How to prevent injury this new year
Updated: May 24
So it's a new year.. and most of us are full of motivation to get fit again. After a long party season, no doubt most people are feeling sluggish, tired and a bit fuller than they would like. And often the best way to blast the kilos away and get back to feeling great again is to hit the gym hard, right? Wrong.
Overtraining and overloading workouts for a quick fix is the fastest way to get injured and seriously set your new year plans back. By February we (Physio's) see it every year. It is actually heartbreaking telling a client they have a serious injury that may take 6-12-18 weeks to heal. Especially when their faces are so full of motivation to keep exercising.
Lets start with how most soft tissue injuries occur. Sports and Musculoskeletal injuries are classed as acute (less than 3 months onset) and chronic (more than 3 months) onset. Acute injuries are often; ligament sprains, muscle strains, disc or cartliage injuries. Chronic Injuries are often; tendon injury (tendinopathy), inflammation, bone stress or stress fracture. Usually acute injuries are sudden. You feel pain, hear a noise (snap, crack) and you are 'acutely' aware something is wrong. Chronic injuries can sneak up. They may start with what you think is the usual post-exercise soreness but then it happens after every workout, then every morning waking up and getting out of bed until the pain or discomfort or weakness is almost constant. Excessive and rapid increases in training loads are likely responsible for a large proportion of non-contact soft tissue injuries ( Gabbett 2016) An acute or chronic injury occurs when the force is too great for the tissue to sustain. This can be sudden large force (acute injury) or repetitive ongoing force (chronic injury).
If you have a muscle imbalance (weakness) or joint stiffness or flexibility issue you can be more likely to injure that tissue. Often we can pick this up with a screening assessment.
1. PREVENTION IS KEY: We do return to exercise screening. Similar to the pre-competition screenings we do with elite athletes this is a full musculoskeletal screening of your flexibility, joint mobility, strength, stability and co ordination. This helps identify which areas of your body you may need to focus on to prevent a likely injury.
2. PICK THE RIGHT EXERCISE: We all have different body types an different injury histories. Picking the right type of exercise and frequency is key to not getting sore or injured and sticking with the routine longer. We can help with this.
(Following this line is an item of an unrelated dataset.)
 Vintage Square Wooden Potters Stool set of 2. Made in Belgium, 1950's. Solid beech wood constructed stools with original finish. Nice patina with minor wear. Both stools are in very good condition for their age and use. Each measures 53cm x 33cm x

3. DON'T WAIT: If you think you may have an injury and that post exercise soreness is lingering please come see us straight away. Once you have had an injury for months it takes much longer to go away.
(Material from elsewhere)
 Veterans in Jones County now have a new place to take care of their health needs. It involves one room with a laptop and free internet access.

4. SEE A REGISTERED PROFESSIONAL: Come see us - A PHYSIO or your Doctor. Resist Dr Google or the advice from a friend or trainer at the gym. See a Physio who is trained in injury diagnosis and management. Knowing exactly what you need to do to heal an injury early on makes it go away faster.
5. START SLOW: If you haven't exercised for 3 or more weeks, start with one day on one day off. No more than 2 strength training days a week. Try 30-45 min sessions only and moderate intensity exercise. Don't launch into high intensity training right away. You can still do F45, Cross fit or 12 Round if that's your choice. Just have the discipline to take it easy. Don't try to beat the person next to you. Or you'll end up losing with an injury. On your off days 'rest days' you could still go for a 30-60min walk depending on how active you have been.
6. WHEN DO I STRETCH?: Stretching before or after a workout has no clear evidence that it reduces muscle soreness or prevents injury. (Cochrane 2011) We suggest stretching the muscles you know you have flexibility issue with. We can help assess this and often a screening assessment will help you identify which to target.
7. ELITE ATHLETES:
You can choose to monitor internal or external training loads. External loads may mean wearing a heart rate monitor and recoding what you actually did in the session. To monitor internal training load by recording your RPE (rating of perceived exertion) or intensity of the session. On a scale of 1-10. So you measure RPE score x minutes of exercise. We advise athletes or those exercising a lot to generally not increase training load more than 10%-15% each week, this has been proven to minimise risk of injury. (Gabbett 2016).
If you do get injured, don't be disheartened. Often we just need to tweak your training program slightly, or mix it up a bit with some swimming, cross-training, yoga or pilates until the injury heals. We can help with guiding this process so you heal as fast as possible. So please ask.